Repeat the listing below verbatim, without its images.

• **Given data**:
▼

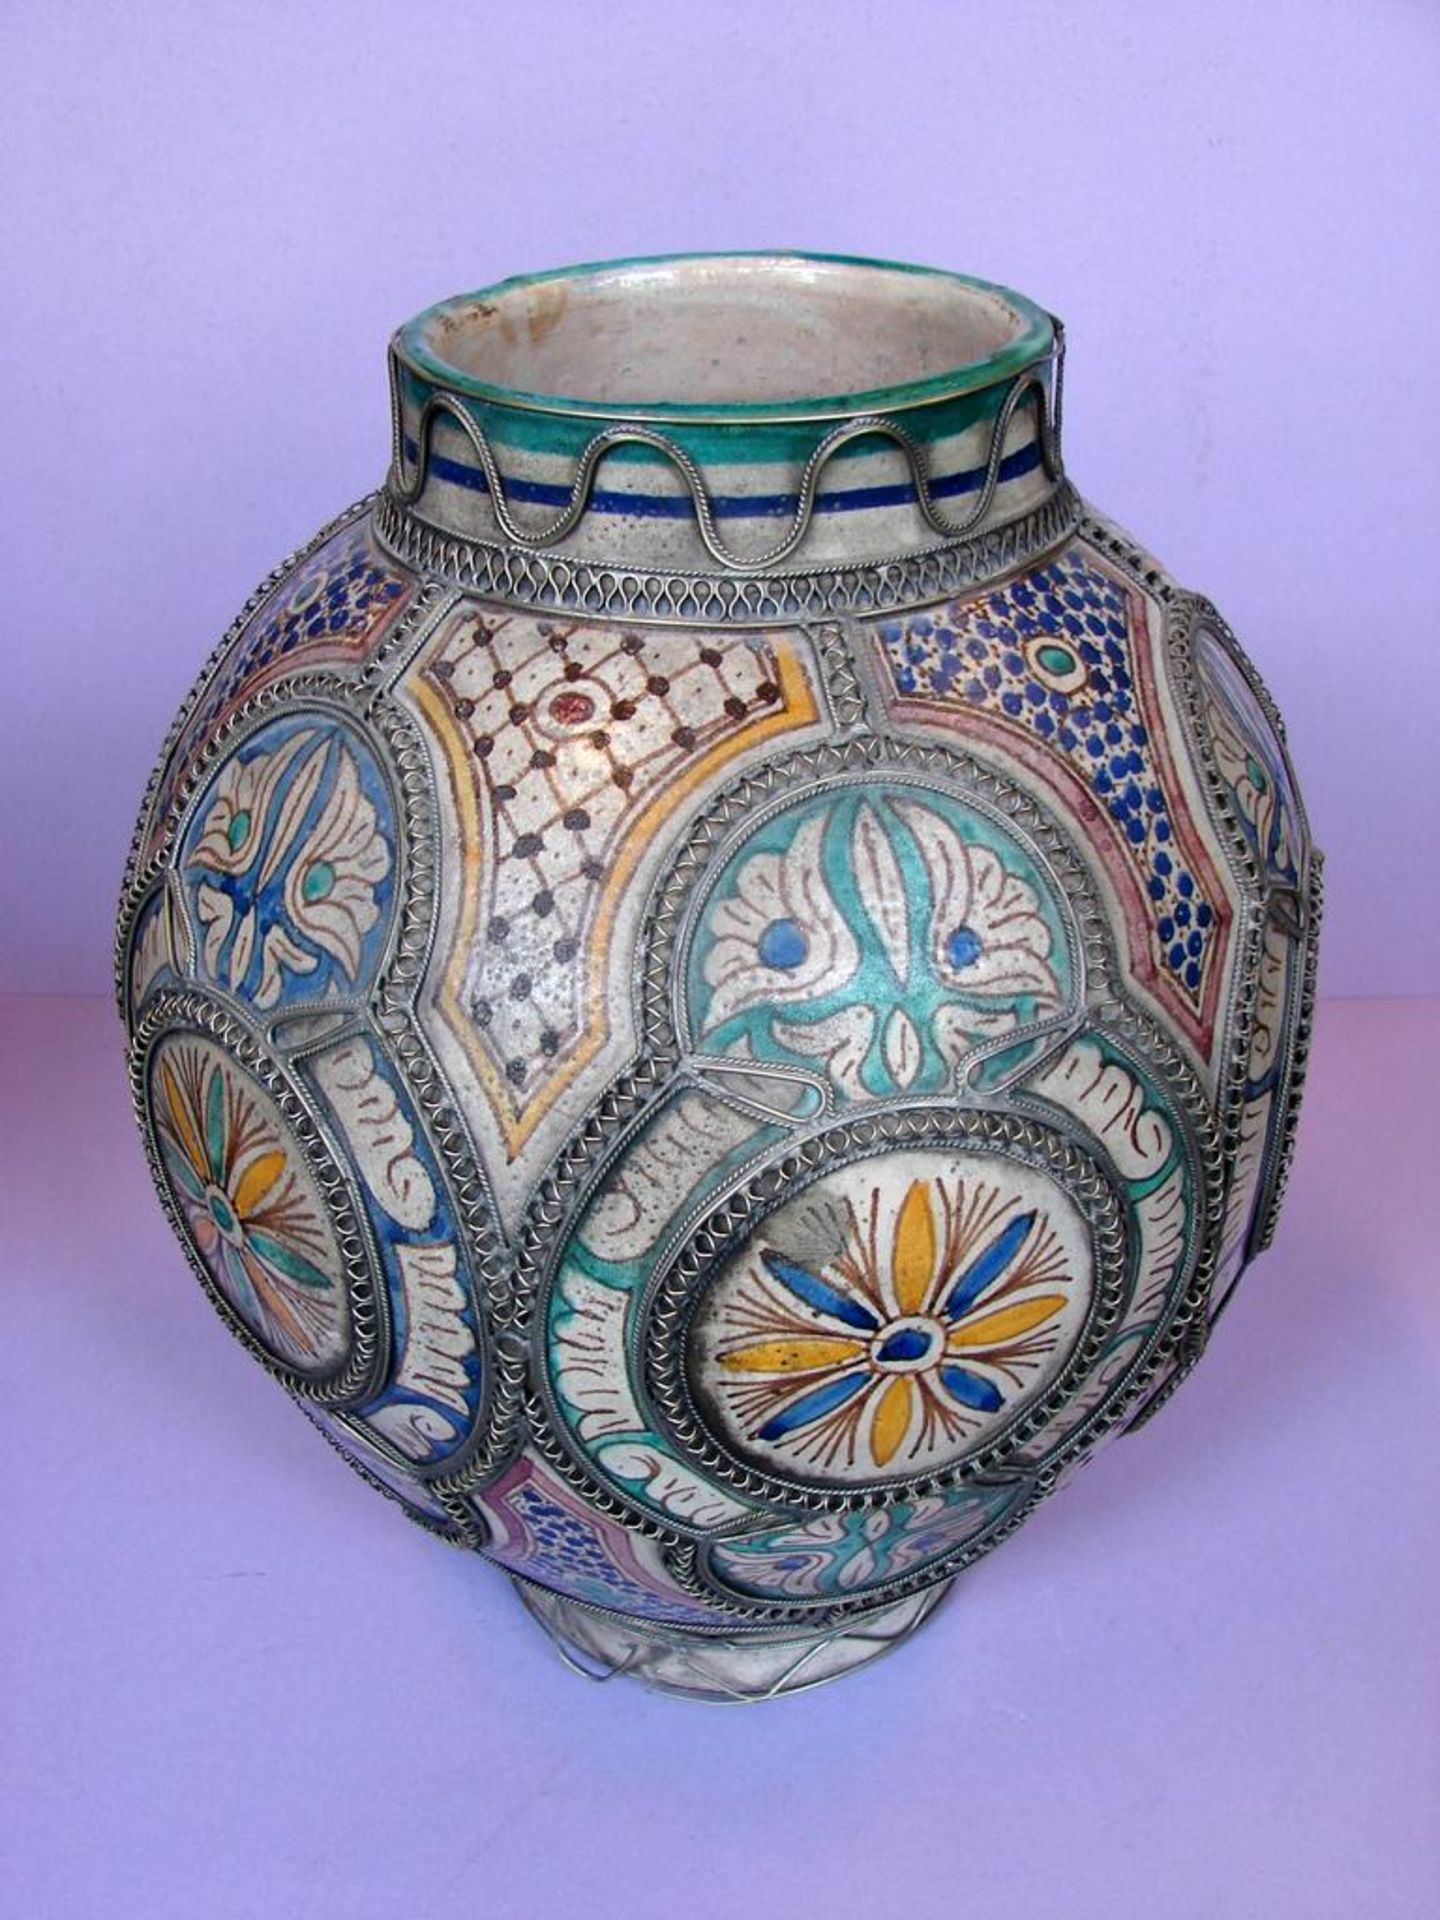 Vase, Metallverzierungen, blau/gelb/grüner Dekor, Höhe ca. 42 cm, leichte Glasurabplatzung am Rand
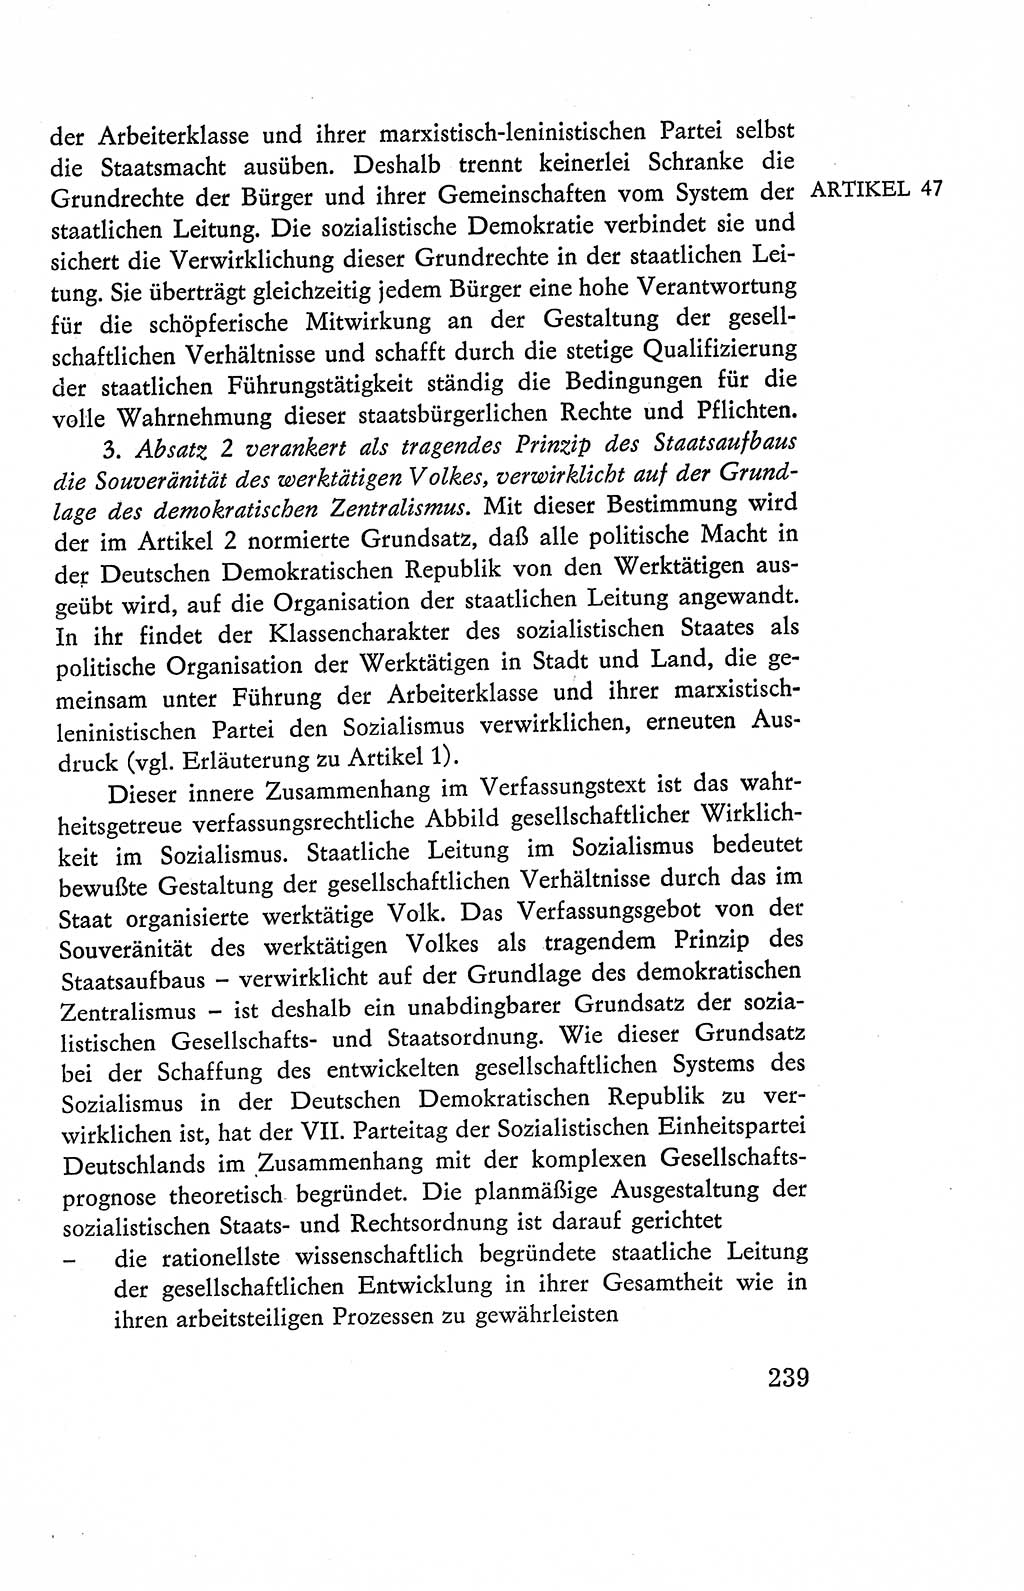 Verfassung der Deutschen Demokratischen Republik (DDR), Dokumente, Kommentar 1969, Band 2, Seite 239 (Verf. DDR Dok. Komm. 1969, Bd. 2, S. 239)
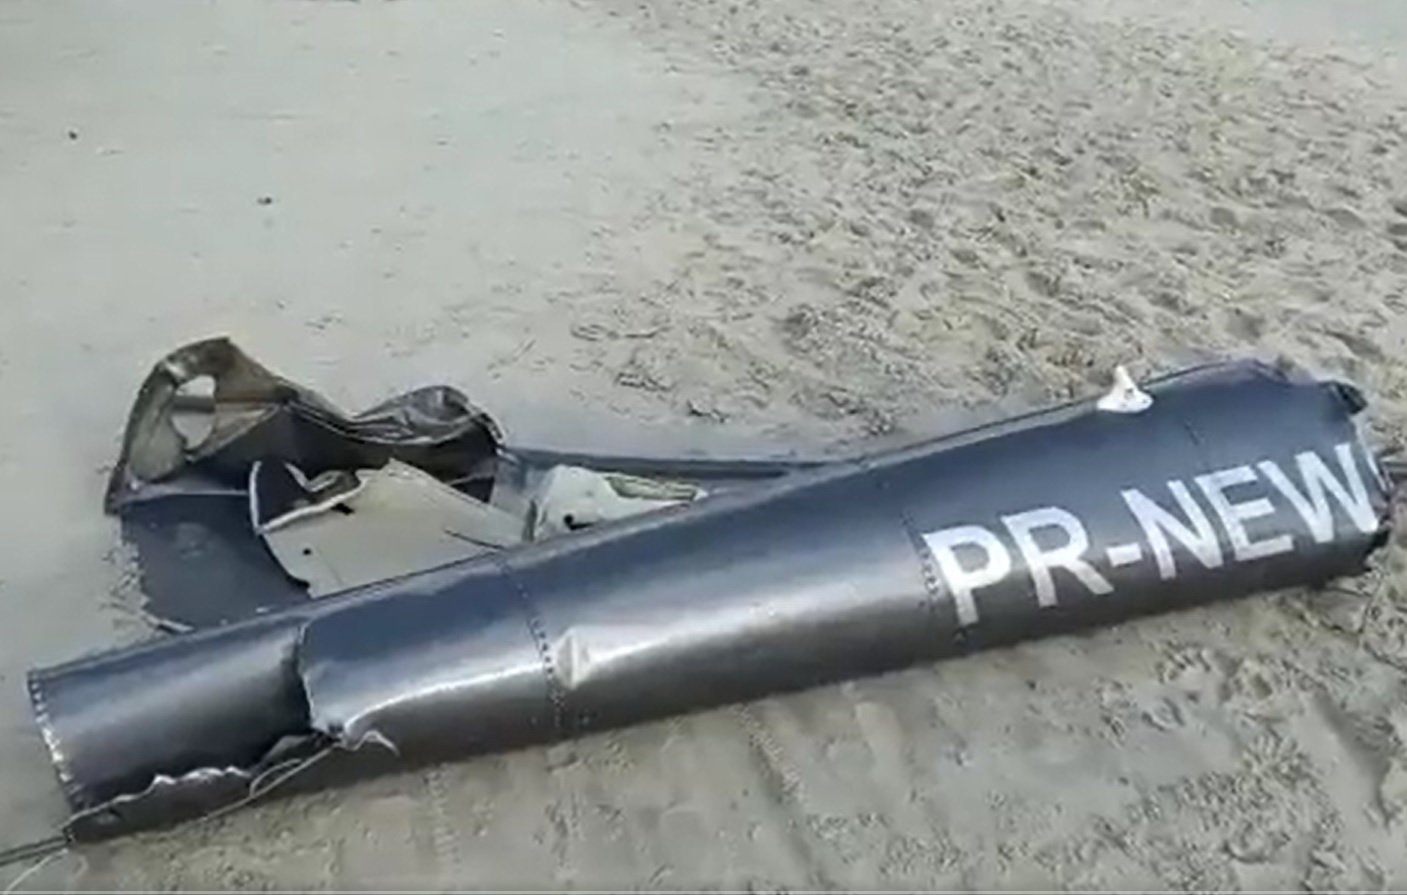 Helicóptero cai em praia de Florianópolis e três pessoas sobrevivem

▲

• **Solution to this exercise**:
 Vase, Metallverzierungen, blau/gelb/grüner Dekor, Höhe ca. 42 cm, leichte Glasurabplatzung am Rand
 Verfassung der Deutschen Demokratischen Republik (DDR), Dokumente, Kommentar 1969, Band 2, Seite 239 (Verf. DDR Dok. Komm. 1969, Bd. 2, S. 239)
 Helicóptero cai em praia de Florianópolis e três pessoas sobrevivem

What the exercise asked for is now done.